AMD Ryzen 1800 System

Seems that I can never go too long without building a system. Now that Intel has been duly embarrassed by AMD bringing out some awesome mega-core systems, I just had to support AMD by building one. Intel rushed to build their Core i-9 Processors, but they are way expensive compared with the AMD alternatives.

I first considered an AMD Threadripper 1900x processor  but after asking for advice from the Overclockers forum, it became clear that the 8 core 1900x was not more powerful than the earlier AMD Ryzen 1800X, and this one was on sale for about $100 off.

As you can see, I got a fancy glass case, and water cooler from Corsair, and those fancy carnival lights RAM from G.Skill. Those things are blinking away as we speak.

For the past few years I’ve been very impressed by ASUS products. So this build chooses the ASUS ROG STRIX X370-F GAMING motherboard and the ASUS GeForce GTX 1060 TURBO-GTX1060-6G graphics card. I already have a GeForce 1060 and it’s great and reasonably priced.

 

The Corsair glass case has no slot for an optical drive since the entire front of the case is a sheet of glass. So, I needed to purchase Windows 10 on a thumb drive. Well, oddly, Newegg did not have those, so I had to order it from Amazon, and it is taking over a week to arrive. Not to worry, I’ve installed Linux Mint 18.2, which I use on many of my other systems.

Of course one of the first things I wanted to do was fire up all those cores, but a program called Core Heater that I’d written ages ago, and kitted up for Linux, failed to install. Looks like Debian, which is the Distro that Mint is based on, keeps changing all manner of things so old installers don’t work.

So I needed to fire up QtCreator, and that took a day or two to get going. And then the old Core Heater project won’t work, so I had to rebuild the program by building a new Qt Widget project and adding the code with Cut and Paste from the previous project.

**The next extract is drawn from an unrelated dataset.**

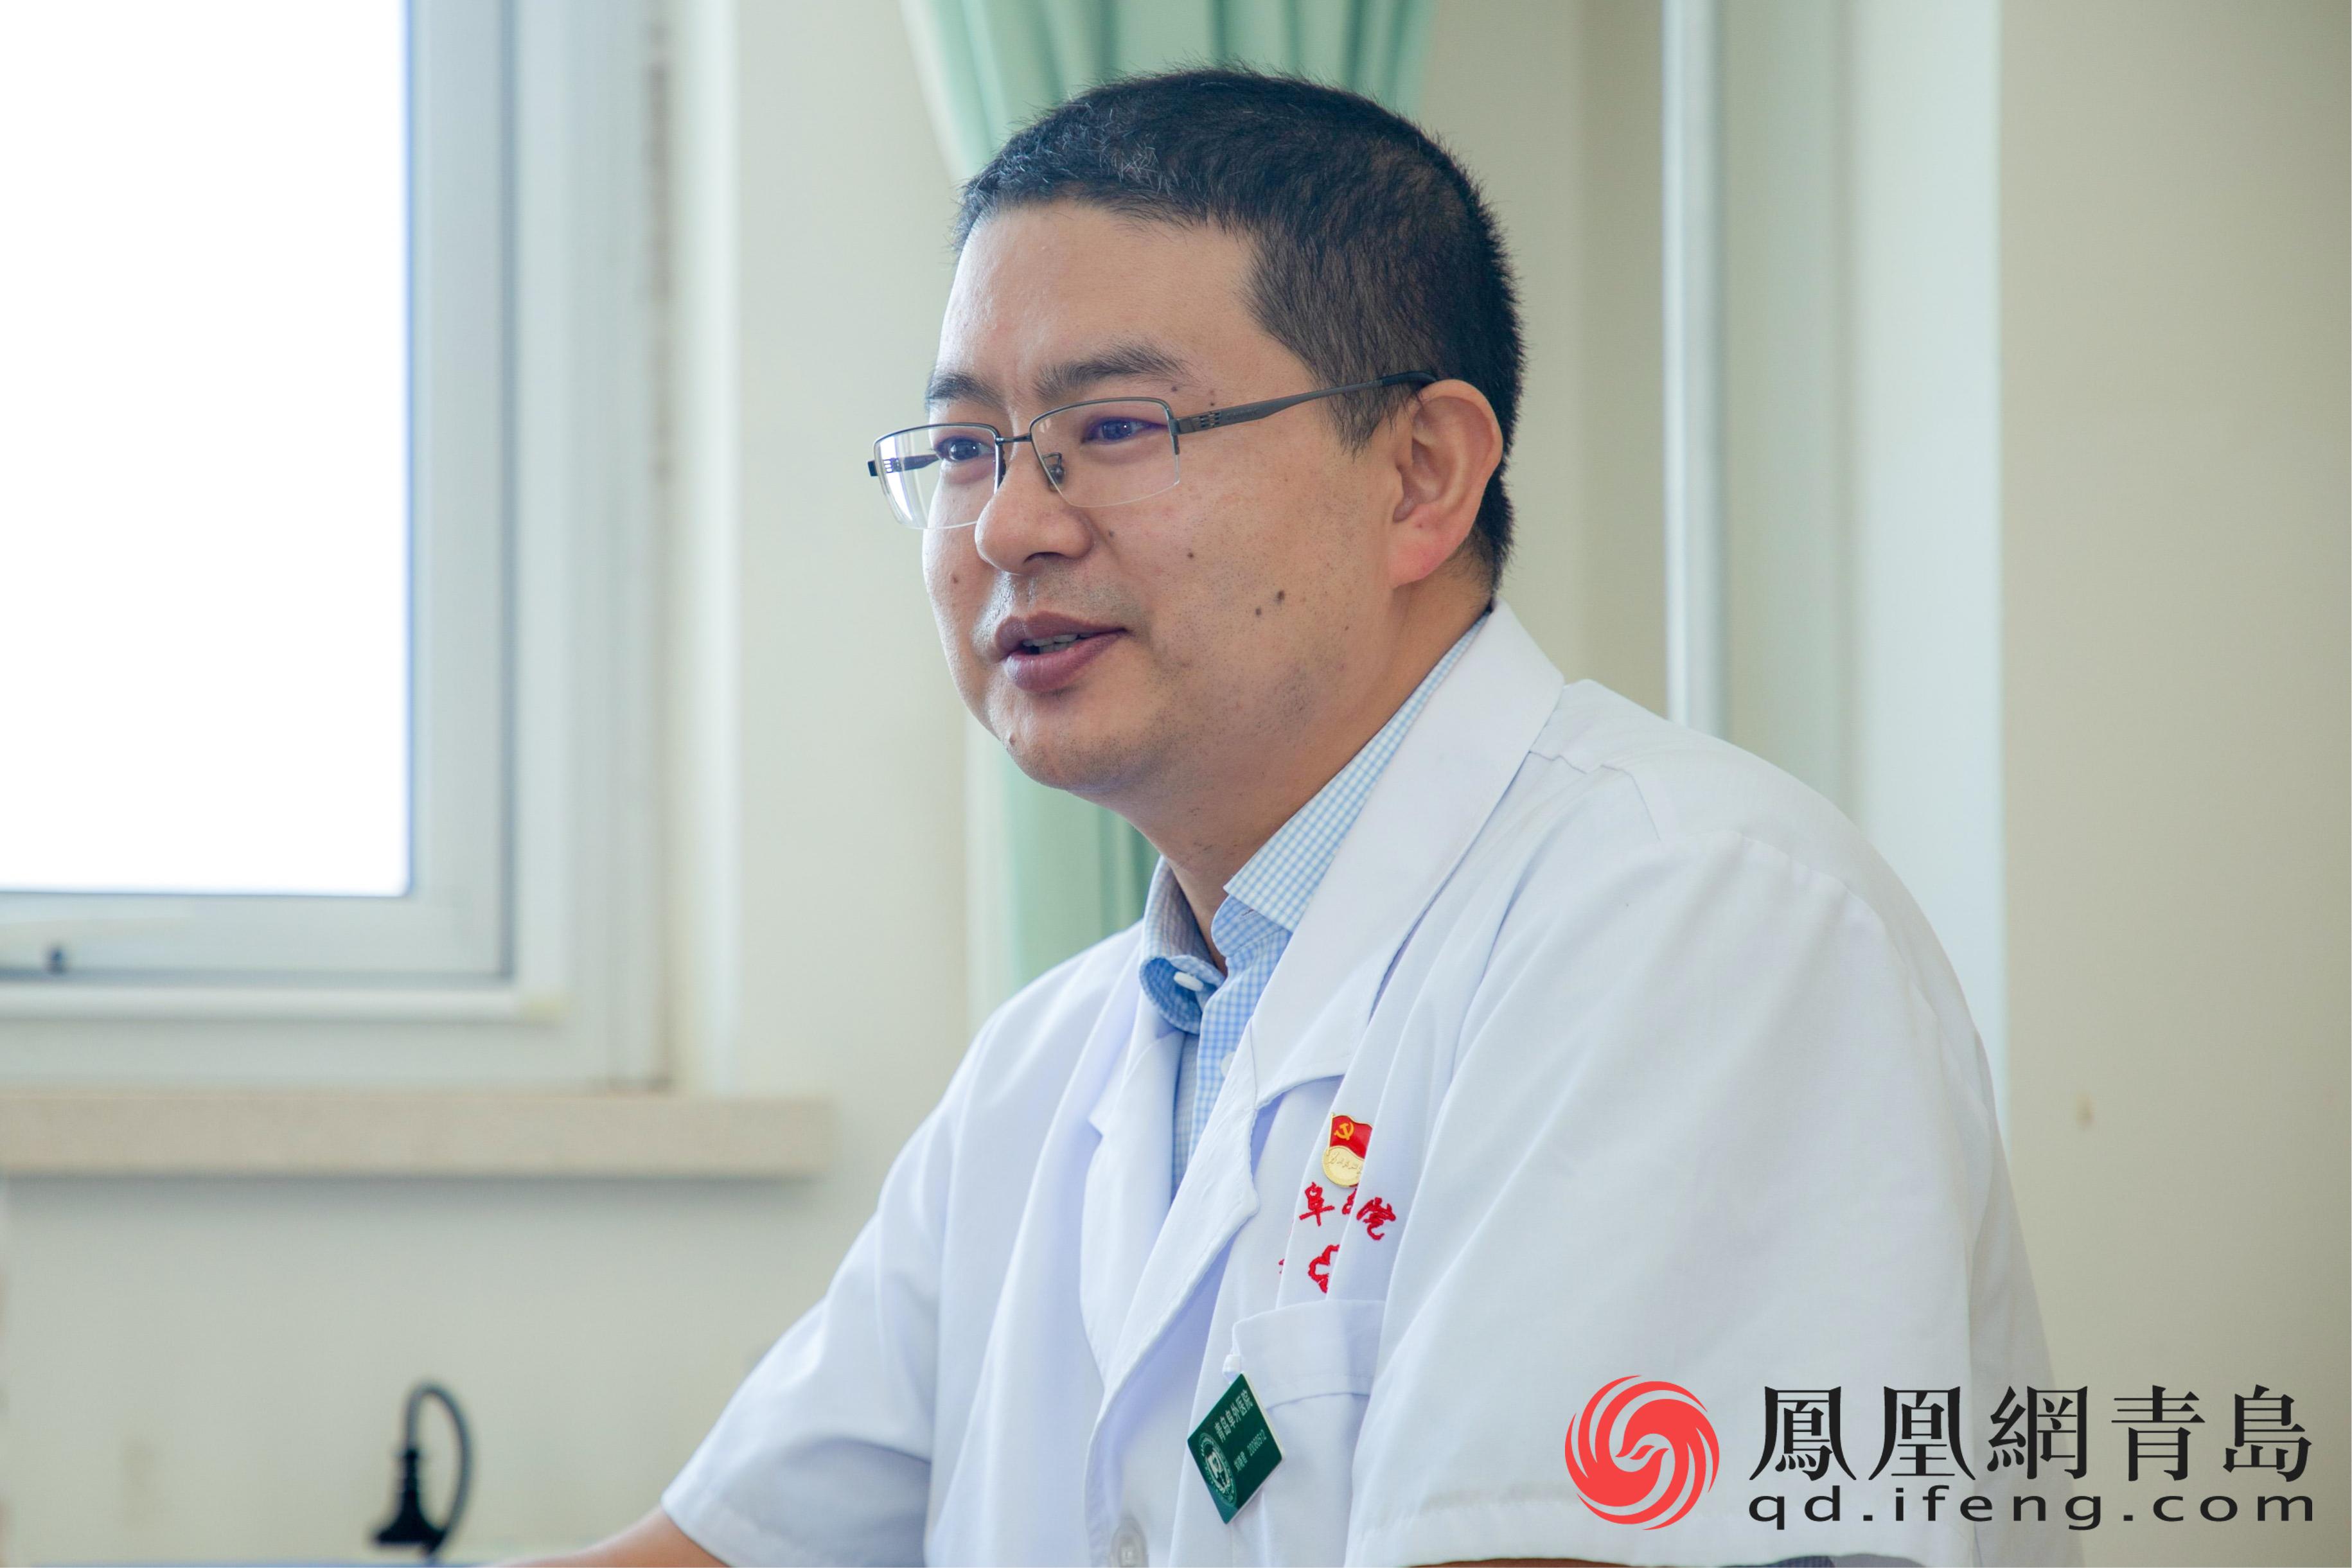 青岛阜外医院副院长、心外科专家刘晓君:精研医术,医者仁心,点亮生命之光!

The classes were all there and they seem to work. Here we go with all 8 Cores and 16 threads running on the AMD Ryzen 1800x.

So clearly the Cores / Threads are all busy like mad. And the program is using over 3GB of memory. There are bugs to be worked out. The Rounds are not updating in the GUI and the program won’t shut down properly. You have to kill it from the process list.

But things all work. You could barely feel the air from the cooler warming up. The max TDP is 95 watts for this processor. So it’s not that hot a machine. But it does run boost clock at 4GHz. So not shabby either.

So that’s the first round of testing. More later.